Dataset items
--------------------------------

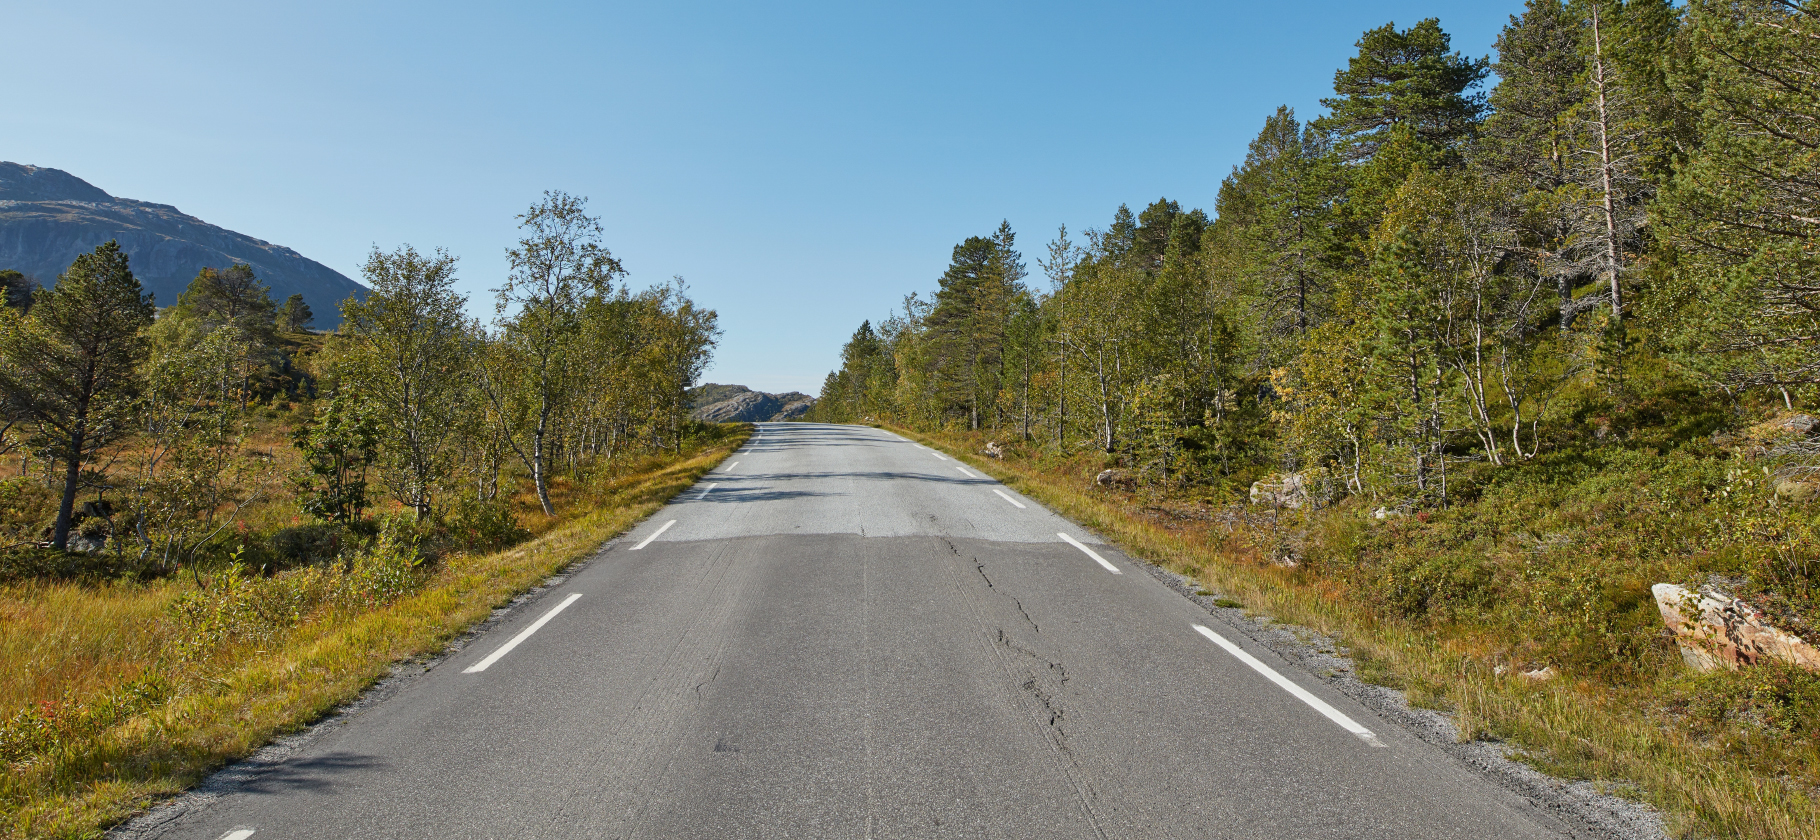 СМИ пишут, что граница Норвегии и России закрылась. Но это не так
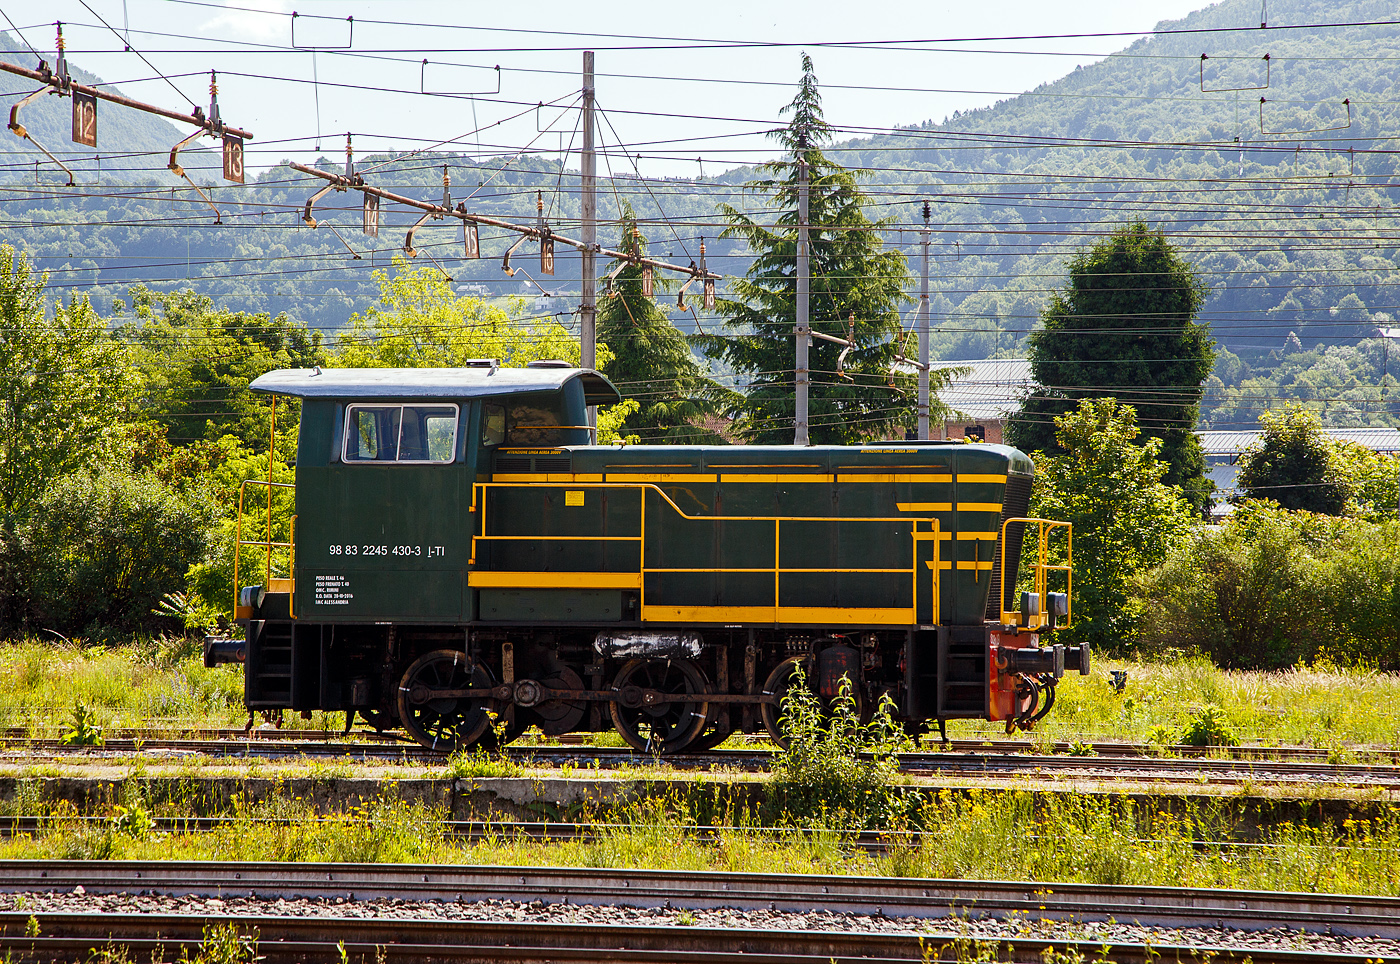 Die italienische Dieselrangierlok D.245.2230 (98 83 2245 430-3 I-TI) der Trenitalia (100-prozentige Tochtergesellschaft der FS), ist am 26.05.2023 im Bahnhof Domodossola abgestellt.

Die FS (Ferrovie dello Stato Italiane S.p.A. / Italienische Staatseisenbahnen AG) führte 1963 die Reihe D.245 als leistungsfähigste Rangierlok ein. Die dreiachsigen Kraftpakete (Achsfolge C) wurden von verschiedenen Firmen in unterschiedlichen Formen geliefert.

Die Formen ergeben sich aus den unterschiedlichen Serien, Herstellern und Baujahren und sind wie folgt:
245.6001–6124, Baujahre 1963 bis 1969, Cantieri Navali Riuniti/OM/Jenbacher Werke
245.0001–0058, Baujahre 1964 bis 1968, Hersteller: Antonio Badoni/OM
245.1001–1020, Baujahre 1964 bis 1968, Hersteller: OM/FIAT-Mercedes-Benz
245.2001–2020, Baujahr 1966, Hersteller: Officine Meccaniche Reggiane/Breda
245.2101–2286, Baujahre 1976 bis 1987, Hersteller: Breda/Antonio Badoni/Greco/Ferrosud/IMMER
245.8001–8003, Baujahre 1958 bis 1962, dies waren später von der FS von einem Unternehmen erworben drei Lokomotiven vom Typ Jung R42C, die später zur Hafenbahn Genua kamen.

Sie hat ein hydraulisches Getriebe und Stangenantrieb. Die Achsen werden mittels Kuppelstangen von einer Blindwelle (zwischen der 2. Und 3. Achse) angetrieben. Die Lok hat einen, von 440 auf 370 kW, gedrosselten 12-Zylinderdieselmotor vom Typ Breda ID36, der die Leistung auf das Voith Strömungsgetriebe (hydrostatisch), vom Typ L24. Die Dauerabtriebsleistung beträgt 275 kW. Die Kraftübertragung erfolgt über eine zwischen dem 2. und 3. Radsatz liegenden Blindwelle, Blindwellenkurbeln an den beiden Blindwellenenden und Kuppelstangen auf die Räder der Lok.

Technische Daten:
Spurweite: 1.435 mm (Normalspur)
Achsformel: C
Länge über Puffer: 9.240 mm
Achsabstände: 1.500 / 2.500 mm
Eigengewicht: 46 t
Höchstgeschwindigkeit: 64 km/h (im Rangiergang 32 km/h)
Motorleistung: 370 kW
Dauerleistung: 275 kW
Treibraddurchmesser: 1.040 mm

--------------------------------

* **TRY IT**
Output nothing but the lines from the one with "Eigengewicht: 46 t" through the last line above, each exactly as it stands.

* **OUTPUT BELOW**
Eigengewicht: 46 t
Höchstgeschwindigkeit: 64 km/h (im Rangiergang 32 km/h)
Motorleistung: 370 kW
Dauerleistung: 275 kW
Treibraddurchmesser: 1.040 mm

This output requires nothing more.